Con dieciocho años me perdía a diario en el metro. Ahora, en treinta, me he recorrido más partes de Barcelona que la media. Trabajos a puerta fría, pluriempleos entre clases universitarias y recitales en colegios, centros cívicos y bibliotecas marcaron la diferencia. Como decisión, Barcelona ha sido una de las mejores de mi vida. Como sueño, ha sido un reto. Una ciudad que se viste de promesas cuando la miras por primera vez: cosmopolita y aparentemente abierta. Pero con un aterrizaje abrupto y agridulce. Sigo aterrizando en muchos sentidos, y con esto se lo digo todo.

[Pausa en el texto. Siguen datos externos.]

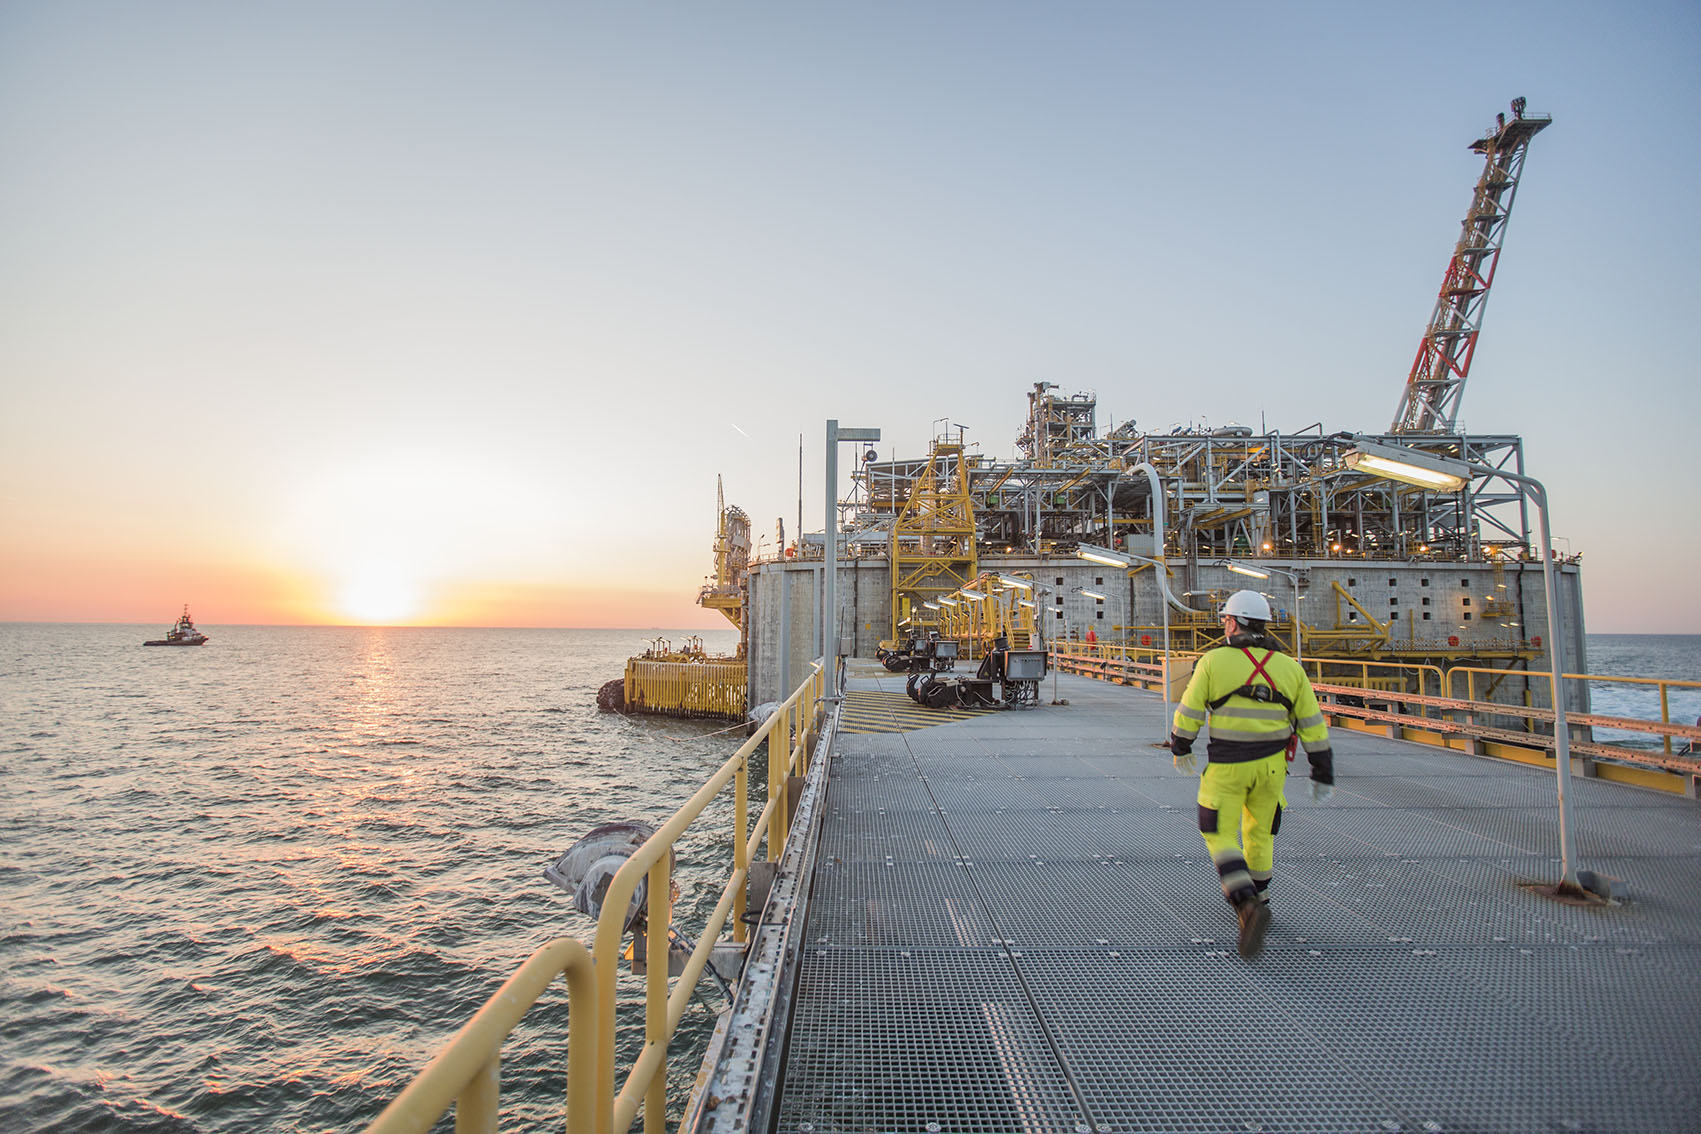 Adriatic LNG hits 10-year operations milestone

Vengo de un pueblo valenciano, donde fui principalmente castellanohablante; aquí encontré un entorno mayoritariamente amable y alentador cuando mostré interés por mejorar mi catalán. Sin embargo, la lengua se traba más veces de las que merece cuando el alma se agota a base de golpes inesperados. Un día cualquiera de clase, un profesor universitario pronunció mal mi nombre y, frente a noventa almas, concluyó que yo era "muy exótica". La única mora en el grado de publicidad de una universidad tan catalana como la Pompeu –¡qué cosa!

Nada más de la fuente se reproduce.